On 07/08/2017 14:27, Richard W.M. Jones wrote:
> Also I noticed this code in virtio_scsi.c:
>
> cmd_per_lun = virtscsi_config_get(vdev, cmd_per_lun) ?: 1;
> shost->cmd_per_lun = min_t(u32, cmd_per_lun, shost->can_queue);
>
> but setting cmd_per_lun (as a qemu virtio-scsi-pci parameter) didn't
> seem to make any difference to memory usage.

That's because memory depends on shost->can_queue, not
shost->cmd_per_lun (see scsi_mq_setup_tags).

can_queue should depend on the virtqueue size, which unfortunately can
vary for each virtio-scsi device in theory. The virtqueue size is
retrieved by drivers/virtio prior to calling vring_create_virtqueue, and
in QEMU it is the second argument to virtio_add_queue.

For virtio-scsi this is VIRTIO_SCSI_VQ_SIZE, which is 128, so changing
can_queue to 128 should be a no brainer.

Thanks,

Paolo

2017-08-09 16:01:16

by Christoph Hellwig

[permalink] [raw]
Subject: Re: Increased memory usage with scsi-mq

On Mon, Aug 07, 2017 at 03:07:48PM +0200, Paolo Bonzini wrote:
> can_queue should depend on the virtqueue size, which unfortunately can
> vary for each virtio-scsi device in theory. The virtqueue size is
> retrieved by drivers/virtio prior to calling vring_create_virtqueue, and
> in QEMU it is the second argument to virtio_add_queue.

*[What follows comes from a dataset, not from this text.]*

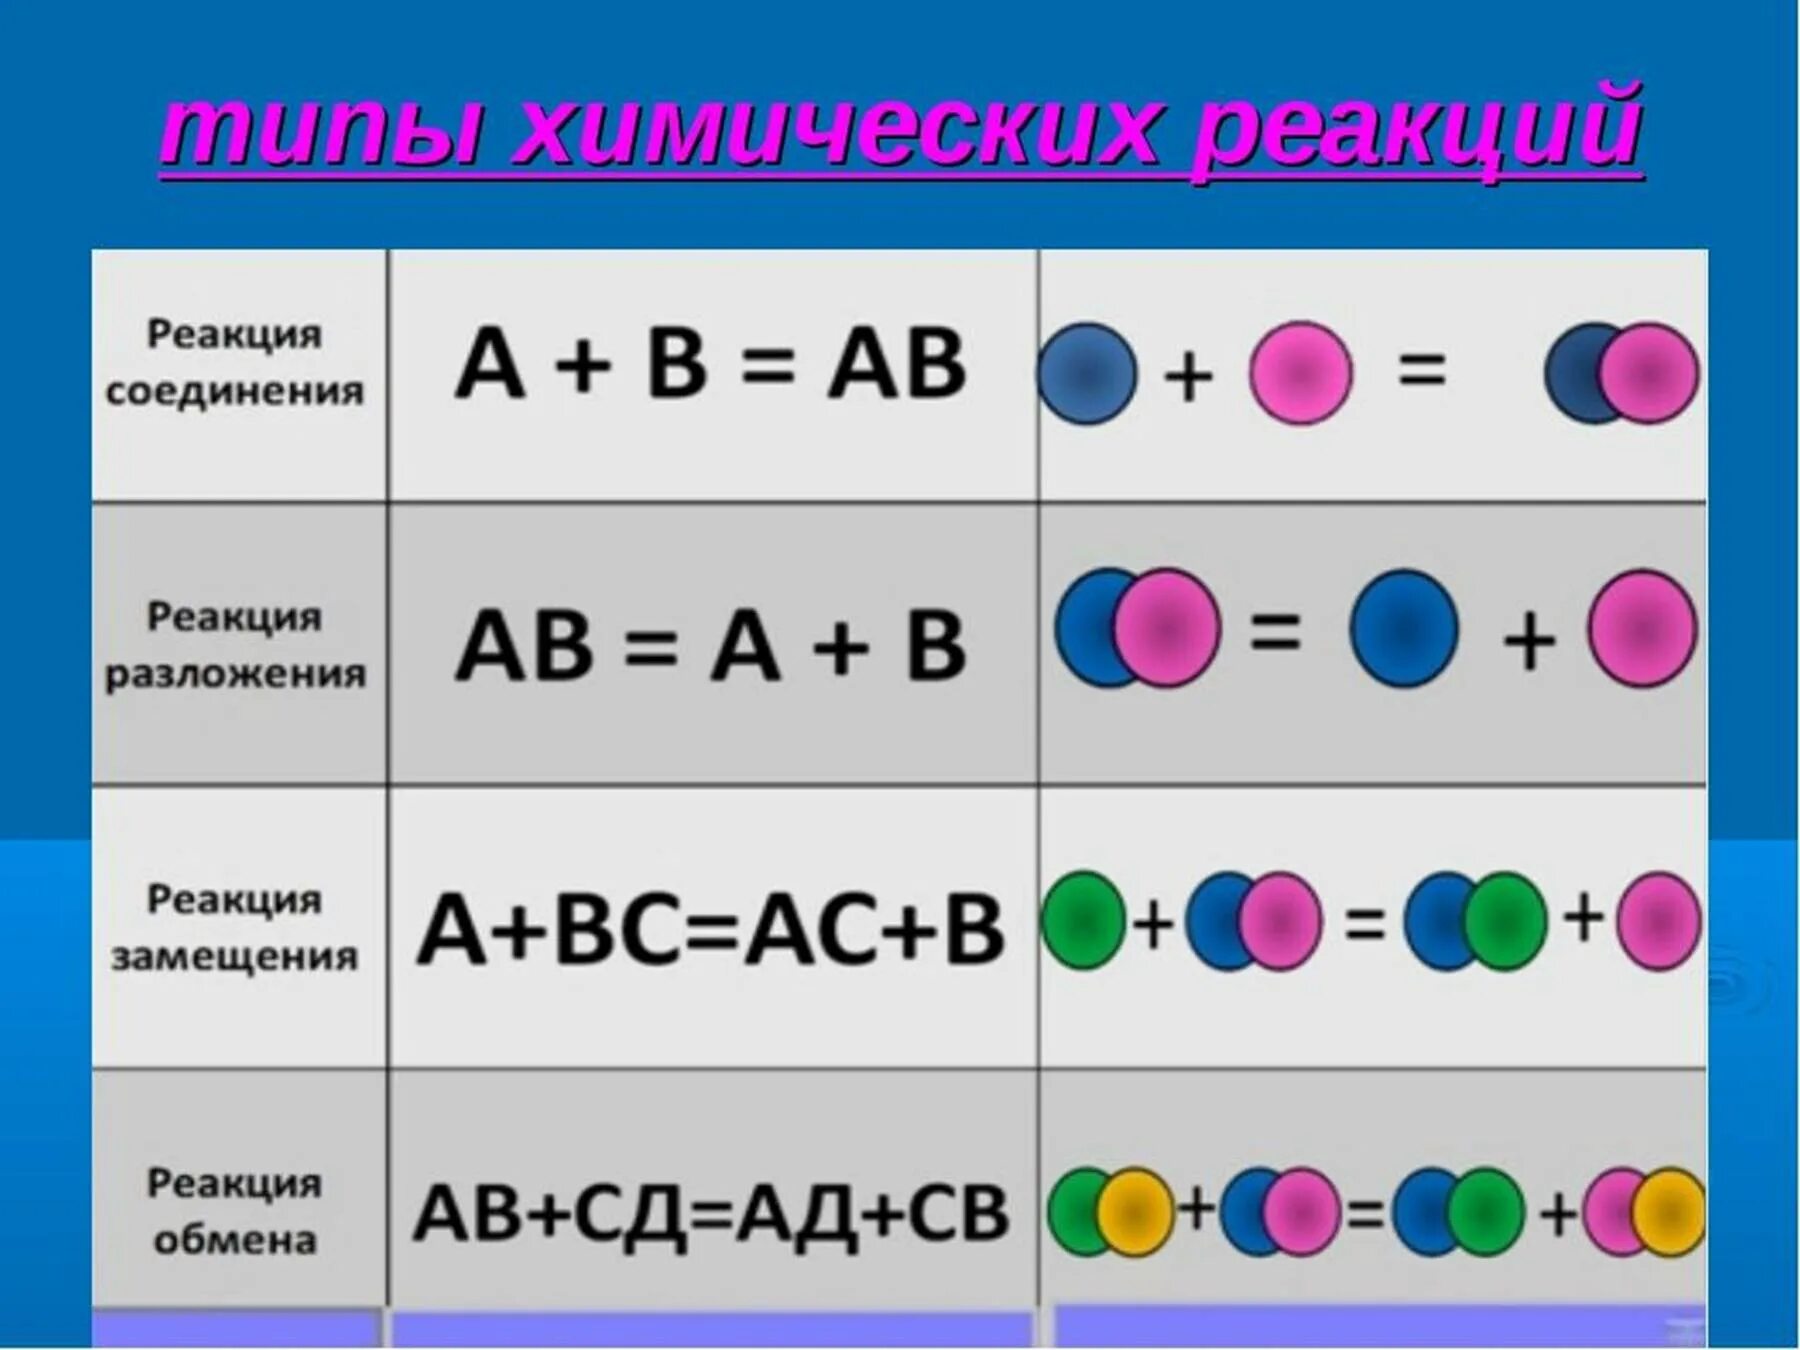 Соединения замещения обмена разложения примеры. Виды химических реакций схема. Реакция обмена соединения разложения замещения 8. Типы химических реакций 8 класс химия схема. Типы реакций в химии.

Why is that unfortunate? We don't even have to set can_queue in
the host template, we can dynamically set it on per-host basis.

2017-08-09 16:50:16

by Paolo Bonzini

[permalink] [raw]
Subject: Re: Increased memory usage with scsi-mq

On 09/08/2017 18:01, Christoph Hellwig wrote:
> On Mon, Aug 07, 2017 at 03:07:48PM +0200, Paolo Bonzini wrote:
>> can_queue should depend on the virtqueue size, which unfortunately can
>> vary for each virtio-scsi device in theory. The virtqueue size is
>> retrieved by drivers/virtio prior to calling vring_create_virtqueue, and
>> in QEMU it is the second argument to virtio_add_queue.
>
> Why is that unfortunate? We don't even have to set can_queue in
> the host template, we can dynamically set it on per-host basis.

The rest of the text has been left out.